5. RAG and Retrieval Tuning
Build the full retrieve → filter → generate pipeline. Iterate on chunk size, overlap, top-k, and query rewriting. Poor results almost always trace to chunking or embedding choice — not the model.
Document Preprocessing
Before you chunk, you need clean data. Document preprocessing is where most RAG pipelines quietly fail:
- PDFs: use
unstructured, PyMuPDF, or pdfplumber — not every PDF parser handles tables and headers
- HTML: strip navigation and boilerplate; keep semantic structure
- Tables: flatten to text or extract as structured data — embeddings don’t understand grid layouts
- Code: chunk by function/class, not by token count
Production Essentials
Three things that matter in production but rarely appear in tutorials:
- Reranking — retrieve more candidates than needed, then use a cross-encoder or LLM to reorder before passing to the model. Significantly improves precision.
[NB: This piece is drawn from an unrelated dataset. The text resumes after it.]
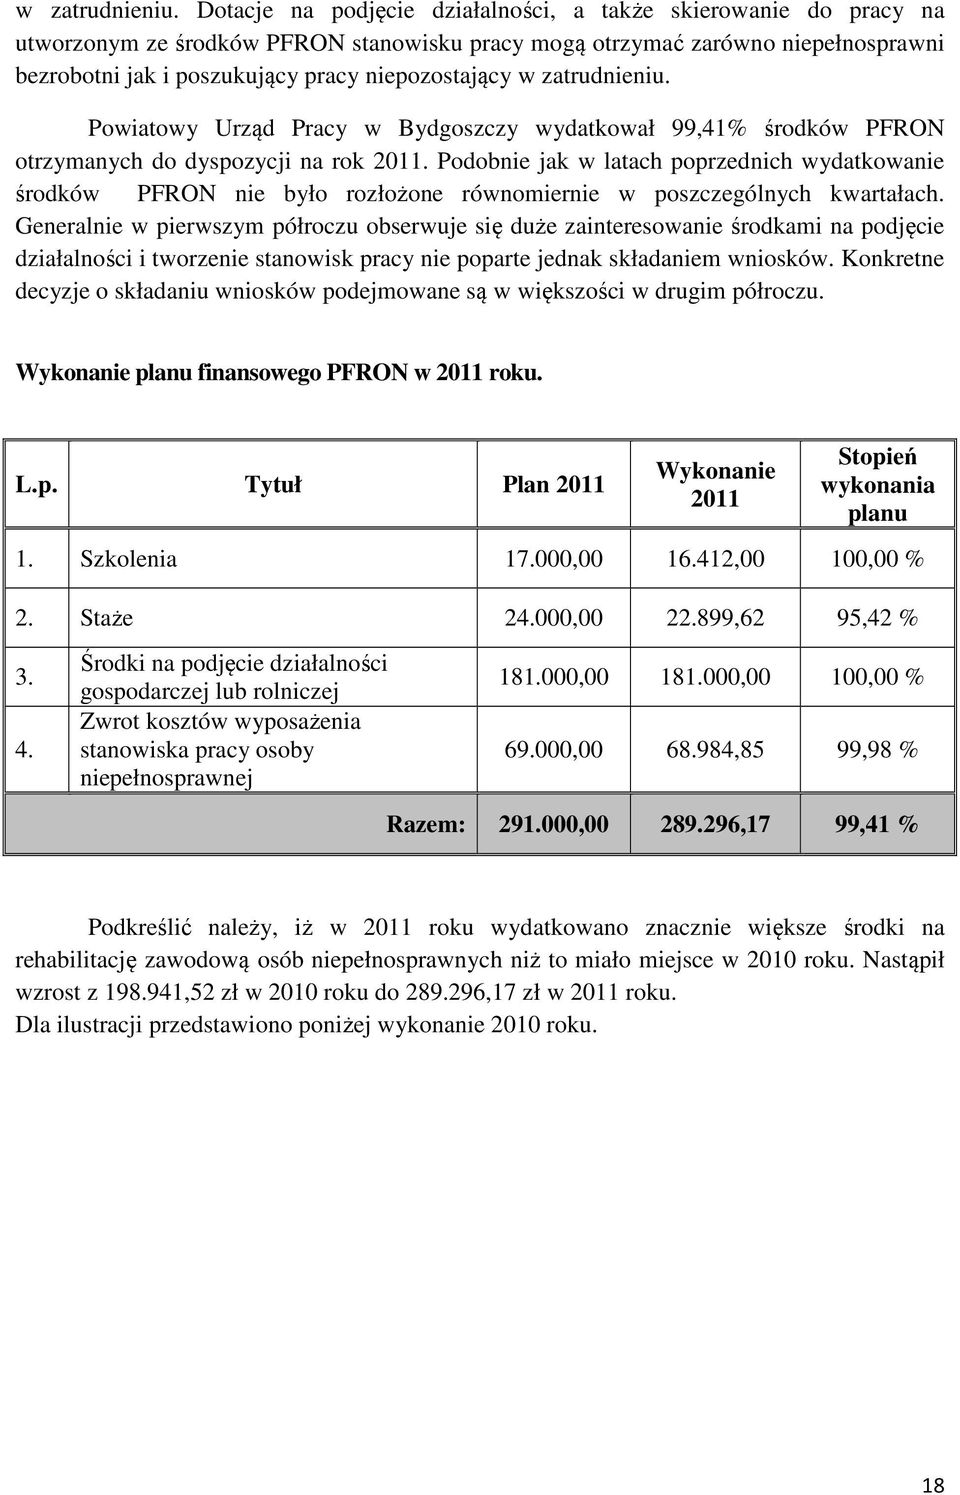 Powiatowy Urząd Pracy w Bydgoszczy wydatkował 99,41% środków PFRON otrzymanych do dyspozycji na rok 2011.

- No-answer handling — when nothing relevant is retrieved, the model will fabricate. Detect low retrieval confidence and return “I don’t know” explicitly.
- Stale data — know how you’ll re-index when documents change. A static corpus is fine for learning; it breaks in prod.
Advanced Patterns
- Graph RAG — combine vector retrieval with knowledge graphs. Entities and relationships give the model structural context that flat chunks miss. See Microsoft’s GraphRAG.
- Agentic RAG — the agent decides when and what to retrieve instead of always-retrieve. Reduces noise and cost on queries that don’t need context.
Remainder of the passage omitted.